# Anyone experience with Alpha Pharma?



## yomah (Mar 11, 2017)

Hey Guys

I finally found a source which delivers in stealth packaging. In my small country are just not many source options, as wer not in the euro-zone. And the customs is a pain in the ass. Friend of mine Paid arround 1000 USD fine as they opened his package. I havent found any reviews on the shop, can i ask here, or is it forbidden?


----------



## PillarofBalance (Mar 11, 2017)

Yeah go ahead and ask.


----------



## yomah (Mar 11, 2017)

Wow okay, i didnt expect that. In most forums its forbidden, but i guess uncencosred stands for something. Looks like a place to stay.

The steroid shop is: qualitystack.net I have to admit, i allready ordered as I was getting no information at all and cudnt ask in most forums so i said f*ck it.

Maybe anyone can calm my sould down and post about a successfull buy on that shop.


----------



## JackC4 (Mar 11, 2017)

You already order so you tell us


----------



## yomah (Mar 11, 2017)

Well it has obviously not arrived yet and it takes at least 2 weeks for the money to arrive and for them to send it.

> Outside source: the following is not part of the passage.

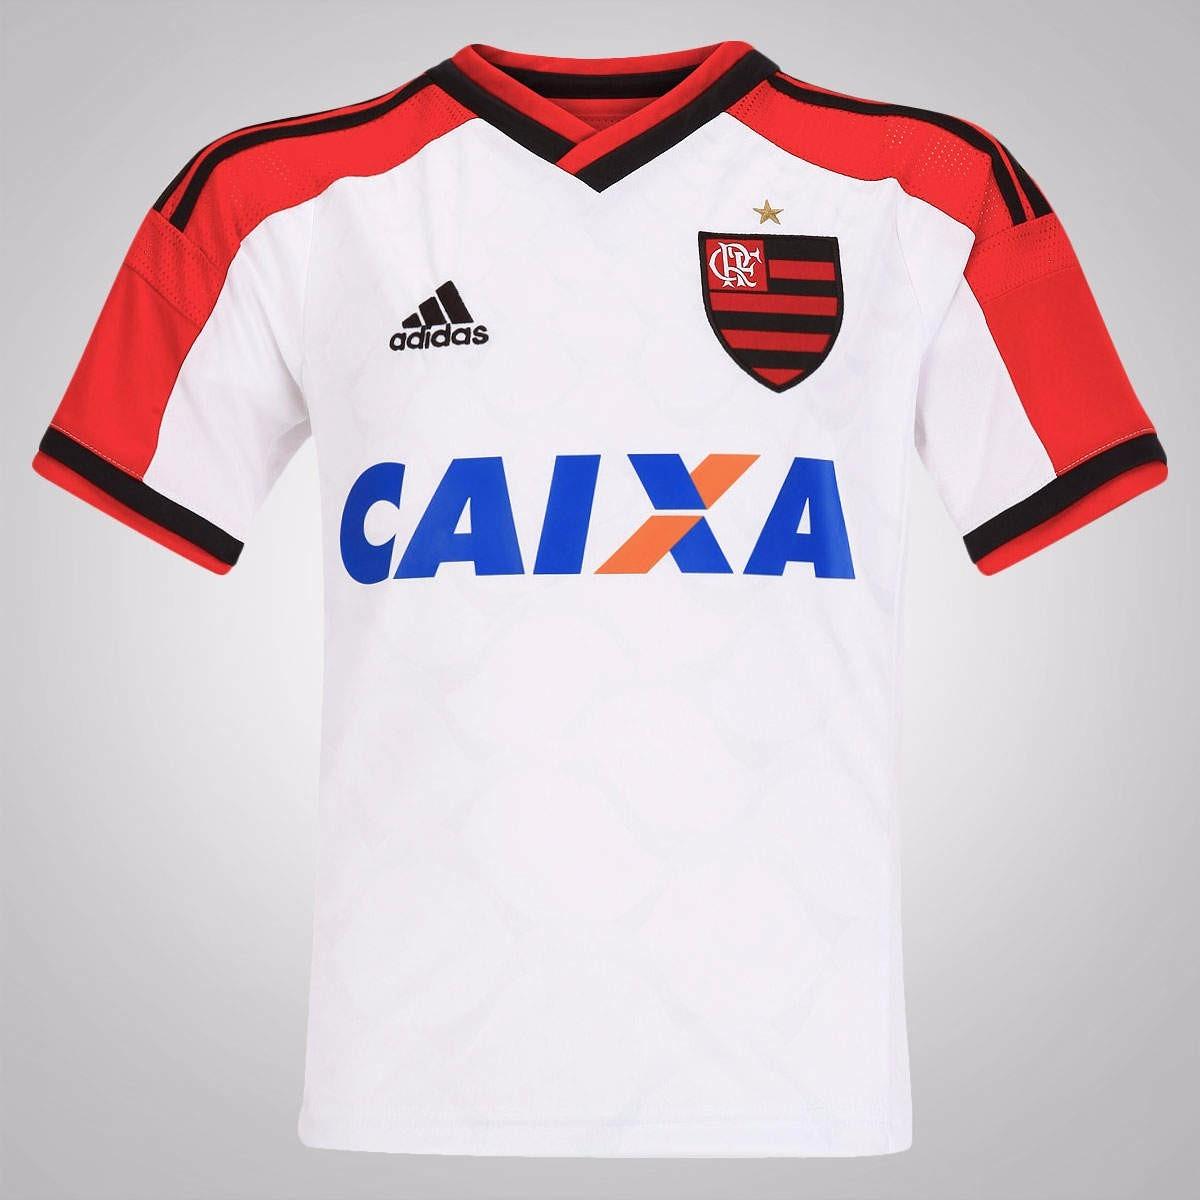 camisa flamengo infantil adidas oficial super promoção. Carregando zoom. c7843063bfed3

Hard to wait but i must


----------



## Youngblood1984 (Mar 12, 2017)

I have never used them or in that madder never used any type from a online source/website ! Wouldn't you think that to get legit gear is to go to the doc ? And if not the doc to find a trusted source ? Just a thought , now to me I would also think that buying anything from the old Inter web would just be to simple ! Think about it , if you have to get a prescription for something why the hell would they just sell the same thing on a website ? Think about it !!! I would never ever ever ever pin something from some bullshit site , I get that your such in a rush to get it ! Is this your first cycle ? Idk man just my opinion on it , all I can say is get it (if it even shows up) pin it wait a couple weeks and get tested !! If I had no source I would rather not do anything who the f@#* knows what your putting in your body man !! For some people it takes years to find a trusted source ! To be honest it's not something you should just jump into anyways , slow down and think about what your really doing


----------



## PillarofBalance (Mar 12, 2017)

Crap shoot. There is like zero info on google. Only stuff to come up is their site and this thread that's it.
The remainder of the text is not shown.